On May 3, 2002, a Cook County grand jury indicted 18-year-old Bryan Estrada on a charge of aggravated unlawful use of a firearm.
On November 22, 2002, Estrada pled guilty to the charge in Cook County Circuit Court. He was sentenced to one year on probation.
In September 2013, the Illinois Supreme Court ruled in People v. Aguilar that the portion of the statute under which Estrada had been convicted was unconstitutional. The statute said that a person committed the offense of aggravated unlawful use of a weapon when a person “carries on or about his person or in any vehicle or concealed on or about his person except when on his land or in his abode or fixed place of business any pistol, revolver, stun gun or taser or other firearm and the firearm is uncased, loaded and immediately accessible.”
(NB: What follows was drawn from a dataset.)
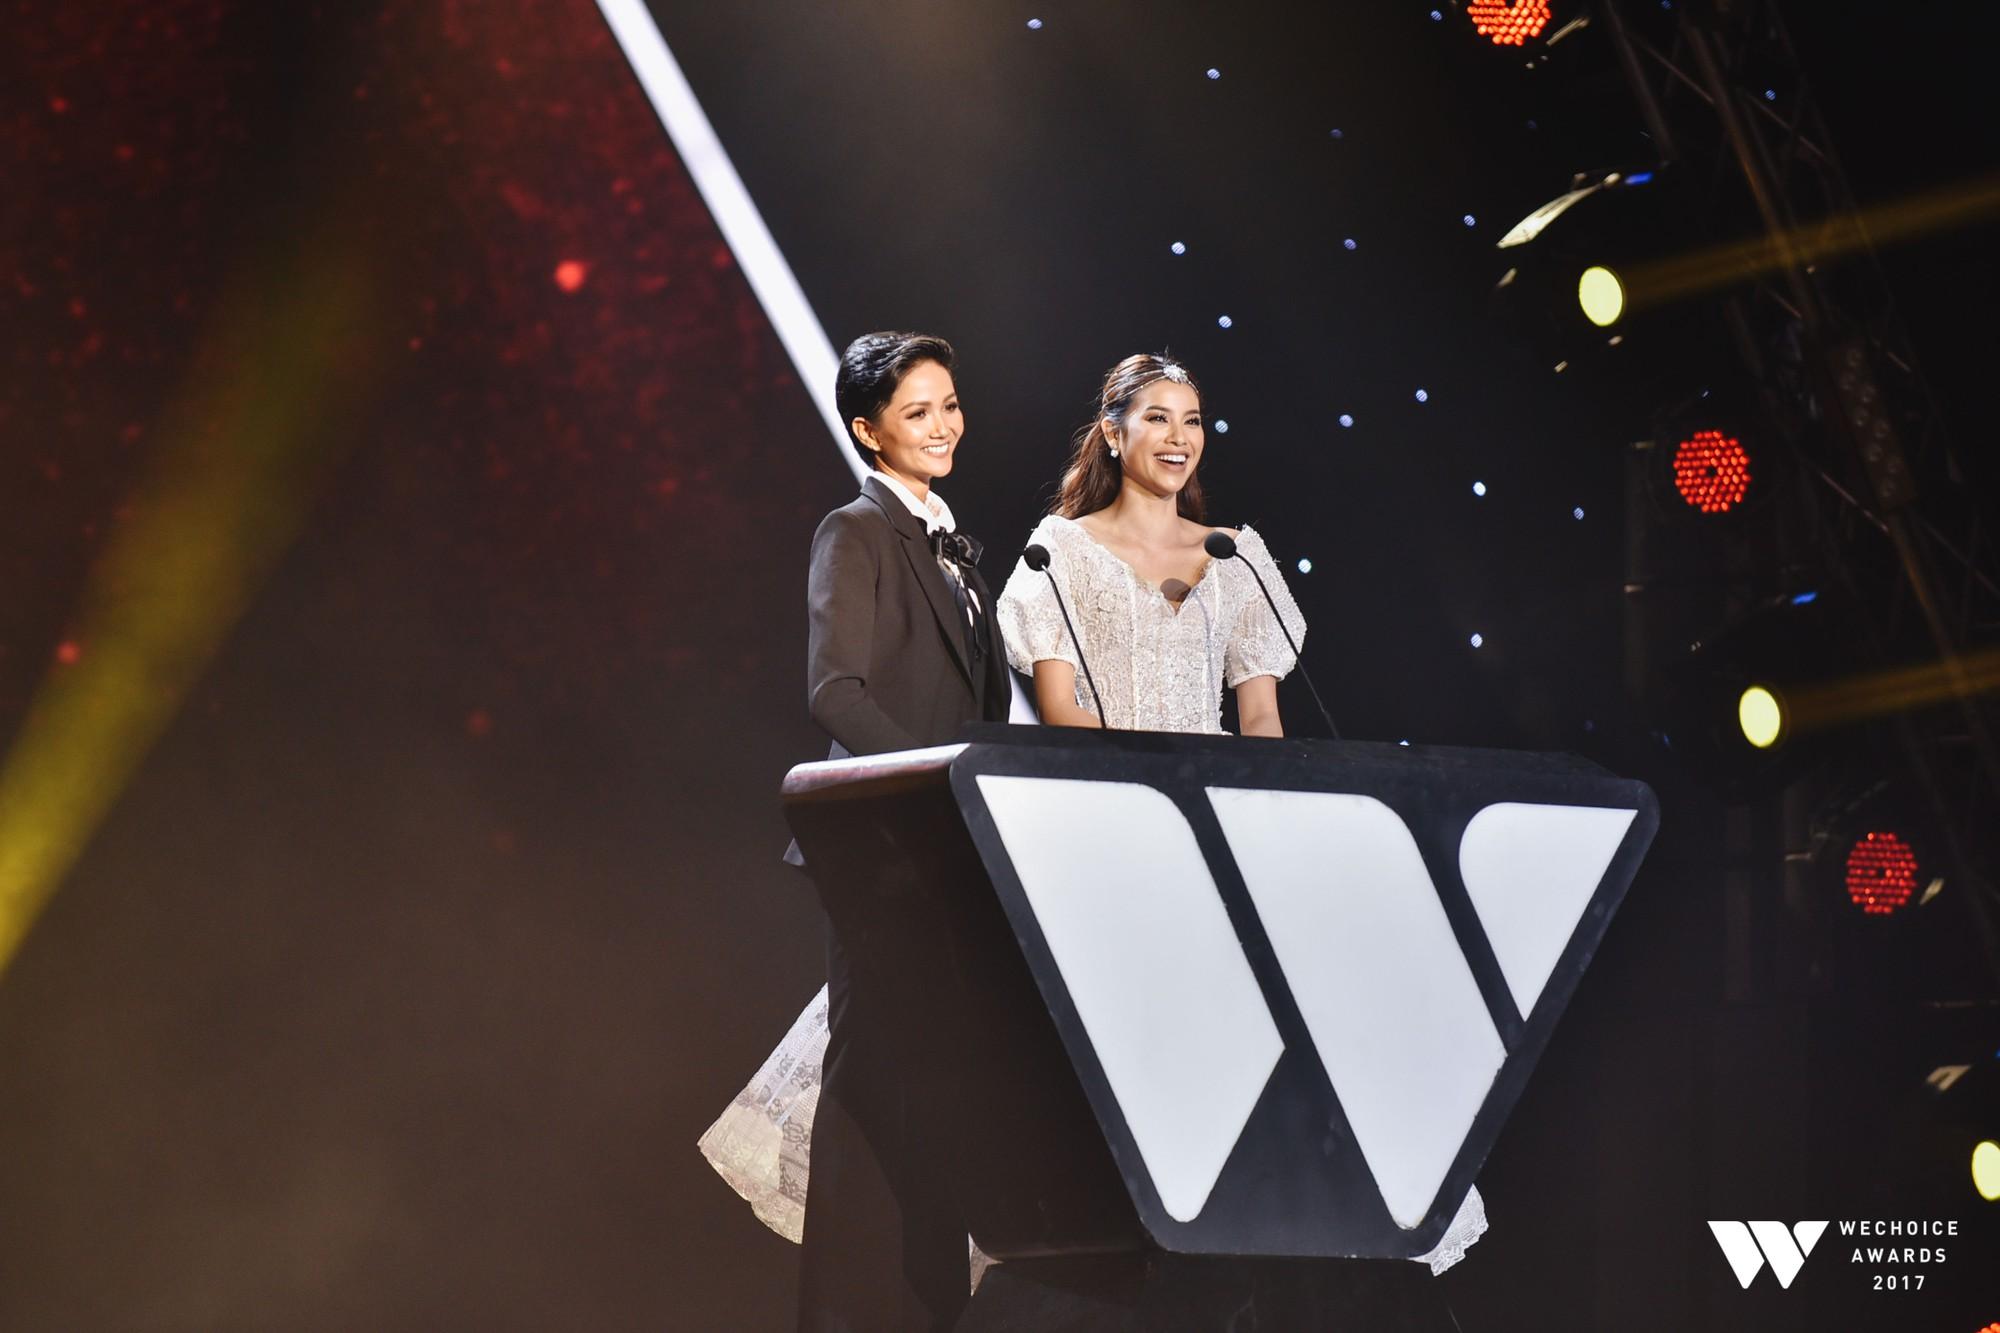 Khoảnh khắc WeChoice Awards: Đẹp nhất là khi Sơn Tùng, bé Bôm và các nghệ sĩ Việt cùng chậm lại trong dòng cảm xúc vỡ òa - Ảnh 18.

The court held that this portion of the statute violated the right to keep and bear arms as guaranteed by the Second Amendment.
By that time, Estrada had been convicted of murder and attempted murder in 2009 in Cook County and sentenced to 80 years in prison. In 2019, Estrada filed a motion to vacate his aggravated unlawful use of a firearm conviction based on the Aguilar ruling. On December 6, 2019, the motion was granted, the conviction was vacated, and the charge was dismissed.
Estrada then filed a motion for a certificate of innocence. On November 19, 2020, Cook County Criminal Court Chief Judge LeRoy Martin Jr. granted the motion.
Estrada filed a claim with the Illinois Court of Claims for compensation. On December 8, 2021, he was awarded $20,000.